Re: Equivalent praxis to CLUSTERED INDEX?

From

Bruce Momjian

Date:

27 August 2004, 14:49:36

Adi Alurkar wrote:
> IIRC it it to reduce the "overflow" of data or what oracle calls
> chained rows. i.e if a table has variable length columns and 10 rows
> get inserted into a datapage, if this datapage is full and one of the
> variable length field gets updated the row will now "overflow" into
> another datapage, but if the datapage is created with an appropriate
> amount of free space the updated row will be stored in one single
> datapage.

Agreed.  What I am wondering is with our system where every update gets
a new row, how would this help us?  I know we try to keep an update on
the same row as the original, but is there any significant performance
benefit to doing that which would offset the compaction advantage?

--
  Bruce Momjian                        |  http://candle.pha.pa.us
  pgman@candle.pha.pa.us               |  (610) 359-1001
  +  If your life is a hard drive,     |  13 Roberts Road
  +  Christ can be your backup.        |  Newtown Square, Pennsylvania 19073

Re: Equivalent praxis to CLUSTERED INDEX?

From

Tom Lane

Date:

27 August 2004, 15:19:38

Bruce Momjian <pgman@candle.pha.pa.us> writes:
> Agreed.  What I am wondering is with our system where every update gets
> a new row, how would this help us?  I know we try to keep an update on
> the same row as the original, but is there any significant performance
> benefit to doing that which would offset the compaction advantage?

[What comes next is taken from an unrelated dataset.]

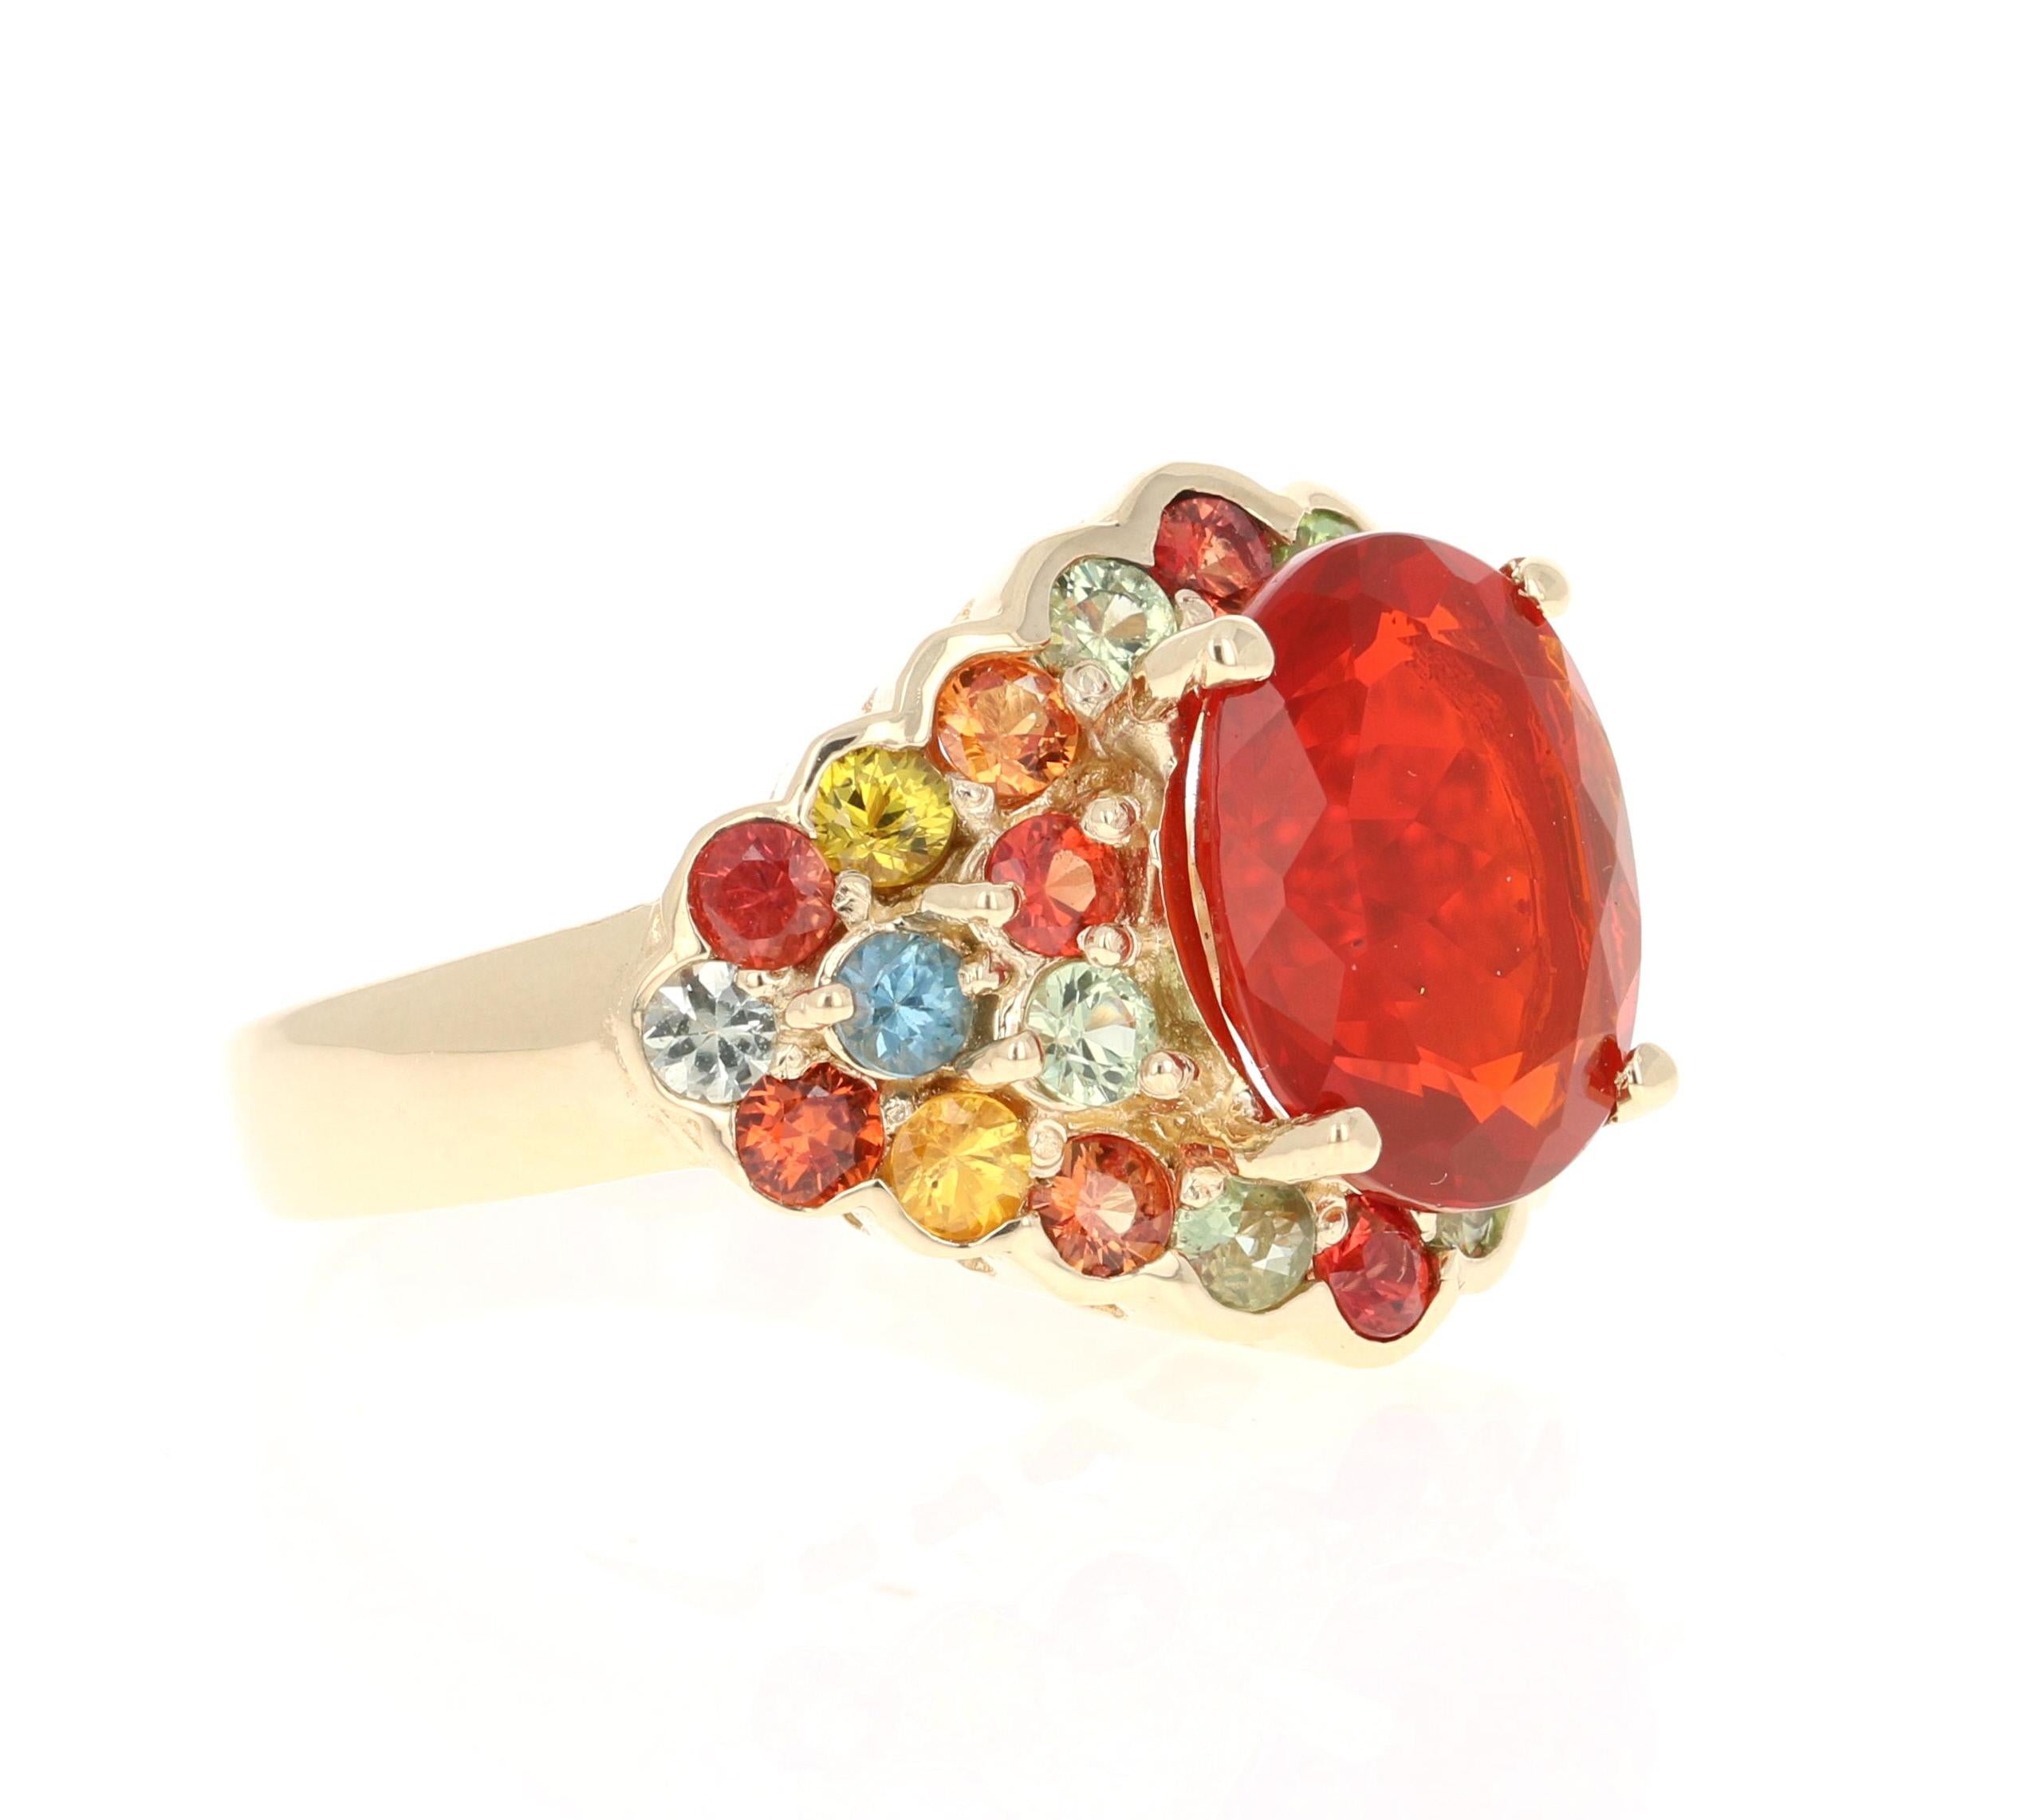 This ring has a 3.17 Carat Oval Cut Fire Opal as its center stone and is elegantly surrounded by 26 Round Cut Multi-Colored Sapphires that weigh 2.65 Carats. The measurements of the Fire Opal are 11 mm x 13 mm. 
The total carat weight of this ring

Because Oracle uses overwrite-in-place (undoing from an UNDO log on
transaction abort), while we always write a whole new row, it would take
much larger PCTFREE wastage to get a useful benefit in PG than it does
in Oracle.  That wastage translates directly into increased I/O costs,
so I'm a bit dubious that we should assume there is a win to be had here
just because Oracle offers the feature.

            regards, tom lane

Re: Equivalent praxis to CLUSTERED INDEX?

From

Greg Stark

Date:

27 August 2004, 16:31:37

Bruce Momjian <pgman@candle.pha.pa.us> writes:

> Agreed.  What I am wondering is with our system where every update gets
> a new row, how would this help us?  I know we try to keep an update on
> the same row as the original, but is there any significant performance
> benefit to doing that which would offset the compaction advantage?

Hm. Posit a system where all transactions are short updates executed in
autocommit mode.

In such a system as soon as a transaction commits it would take a very short
time before the previous record was a dead tuple.

If every backend kept a small list of tuples it had marked deleted and
whenever it was idle checked to see if they were dead yet, it might avoid much
of the need for vacuum. And in such a circumstance I think you wouldn't need
more than a pctfree of 50% even on a busy table. Every tuple would need about
one extra slot.

This would only be a reasonable idea if a) if the list of potential dead
tuples is short and if it overflows it just forgets them leaving them for
vacuum to deal with. and b) It only checks the potentially dead tuples when
the backend is otherwise idle.

Even so it would be less efficient than a batch vacuum, and it would be taking
up i/o bandwidth (to maintain indexes even if the heap buffer is in ram), even
if that backend is idle it doesn't mean other backends couldn't have used that
i/o bandwidth.

But I think it would deal with a lot of the complaints about vacuum and it
would make it more feasible to use a pctfree parameter to make clustering more
effective.

--
greg

Re: Equivalent praxis to CLUSTERED INDEX?

From

Greg Stark

Date:

27 August 2004, 16:35:03

Bruce Momjian <pgman@candle.pha.pa.us> writes:

> but is there any significant performance benefit to doing that which would
> offset the compaction advantage?

Just as a side comment. Setting PCTFREE 0 PCTUSED 100 on tables that have no
updates on them has an astonishingly big effect on speed. So the penalty for
leaving some space free really is substantial.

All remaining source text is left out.